§ EXERCISE OBJECTIVE
Reproduce, exactly and in full, only the lines below from the one containing "l ngliche tr" through the one containing "803 Waschtischplatte Eiche".

§ DATA EXCERPTS
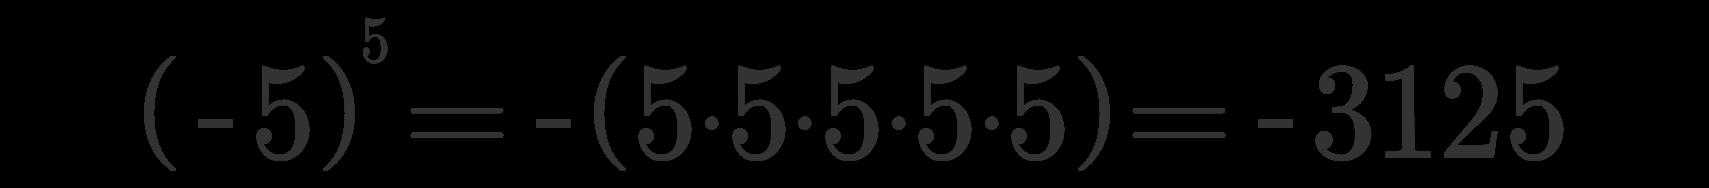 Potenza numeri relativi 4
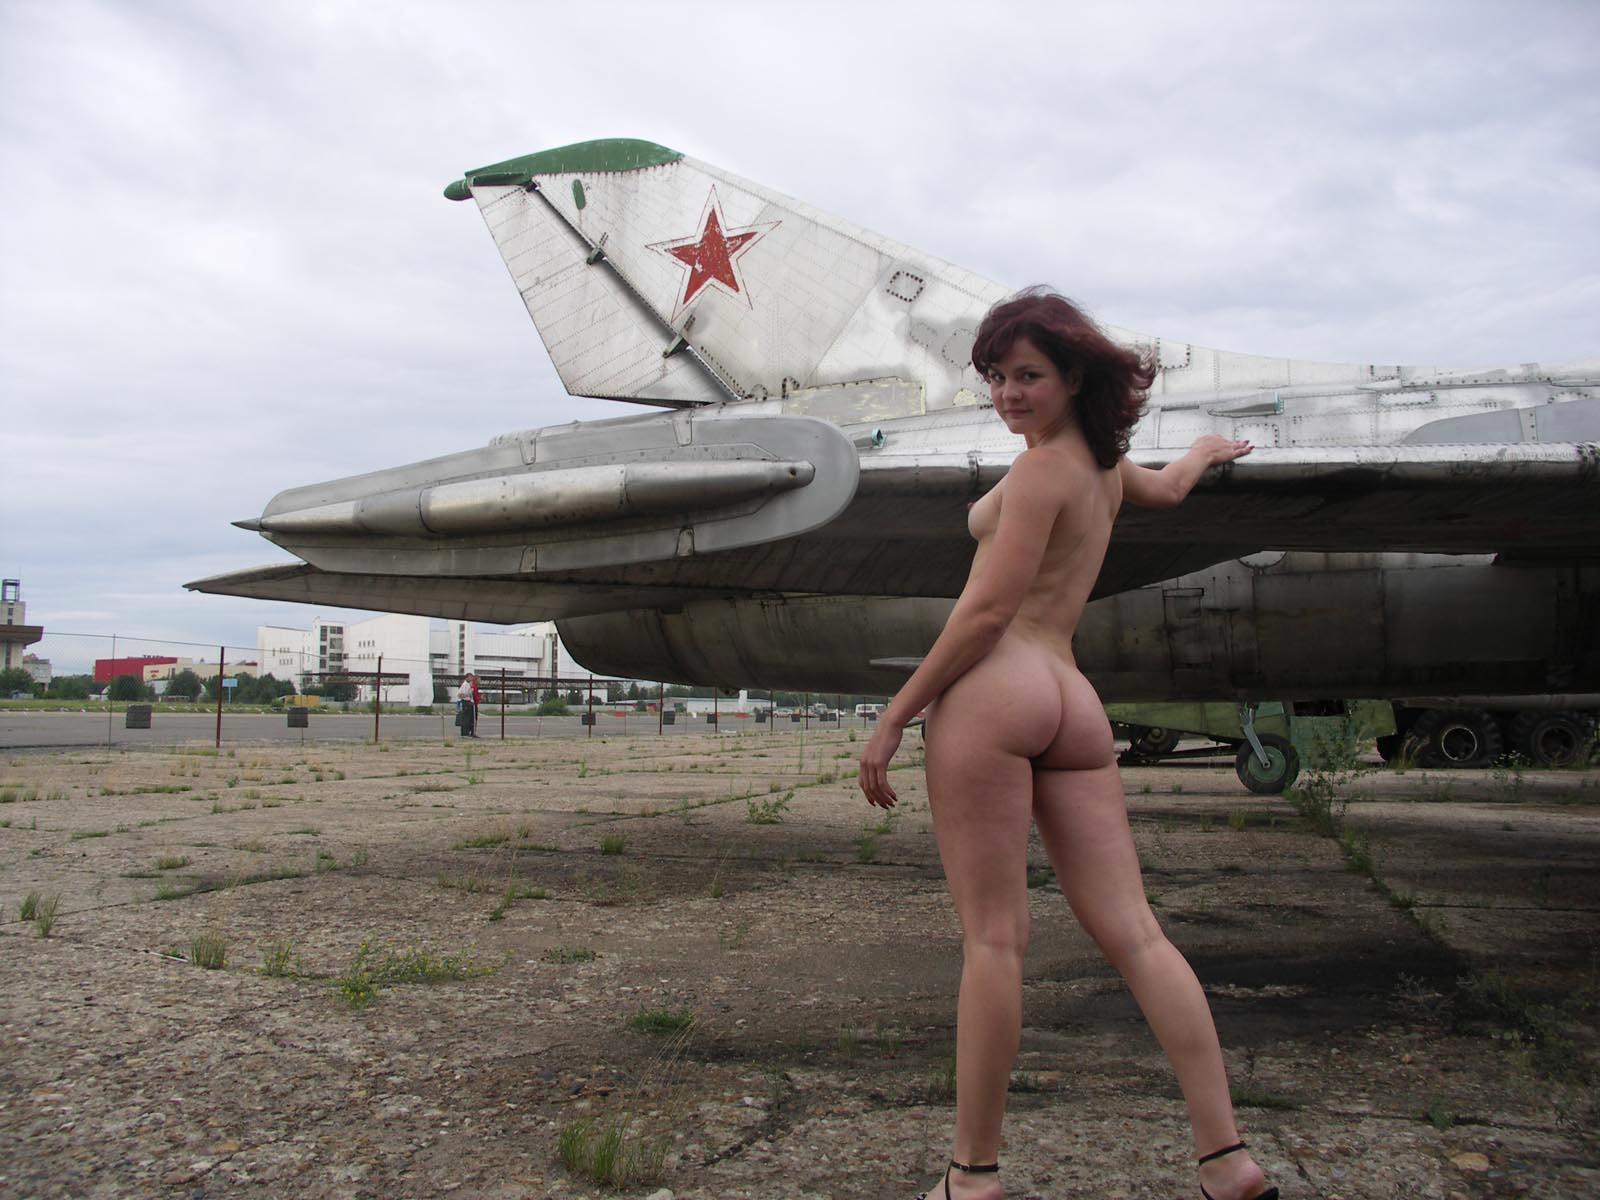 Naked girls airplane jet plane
...
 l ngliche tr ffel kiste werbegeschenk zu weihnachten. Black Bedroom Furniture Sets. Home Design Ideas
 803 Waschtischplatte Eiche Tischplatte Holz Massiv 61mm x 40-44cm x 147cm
==
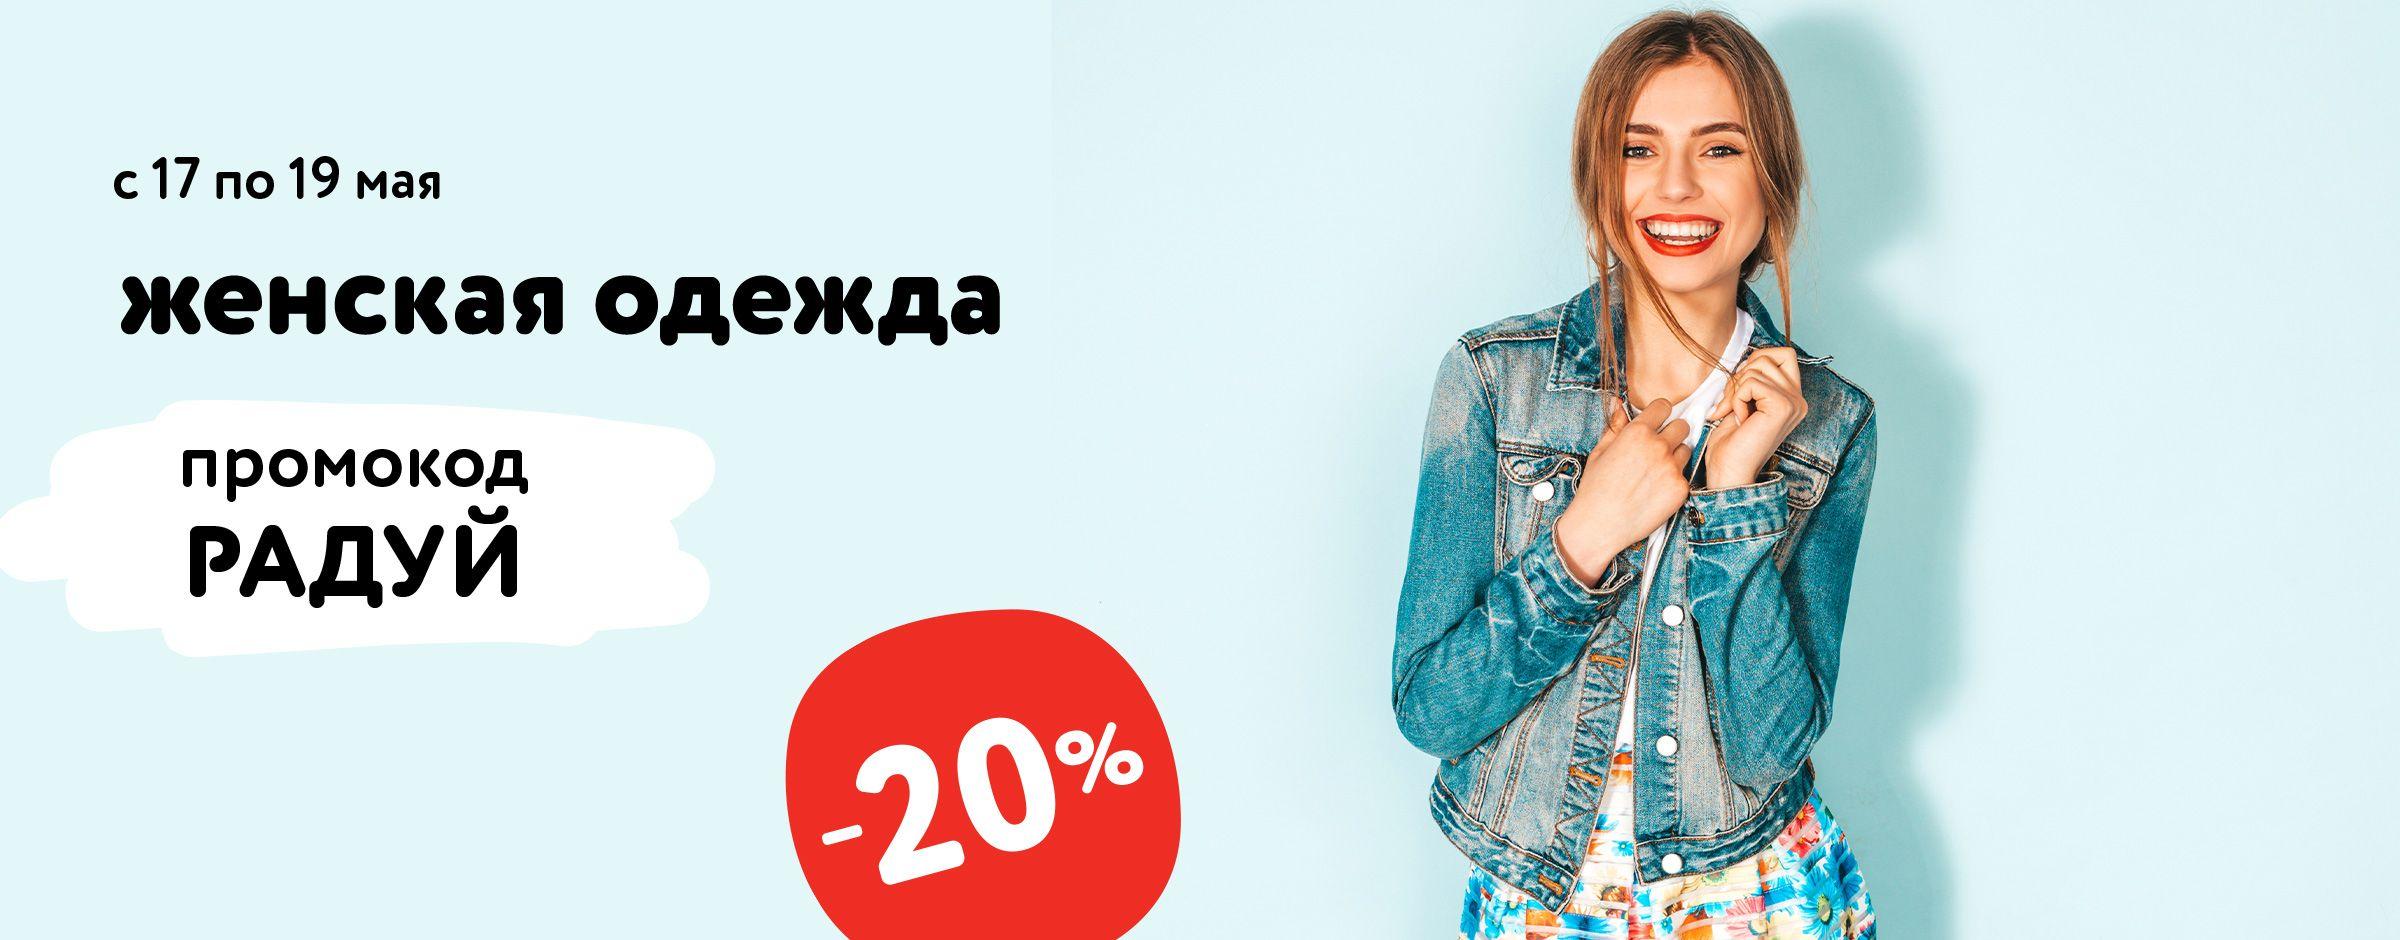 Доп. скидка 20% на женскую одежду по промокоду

§ TASK ANSWER
 l ngliche tr ffel kiste werbegeschenk zu weihnachten. Black Bedroom Furniture Sets. Home Design Ideas
 803 Waschtischplatte Eiche Tischplatte Holz Massiv 61mm x 40-44cm x 147cm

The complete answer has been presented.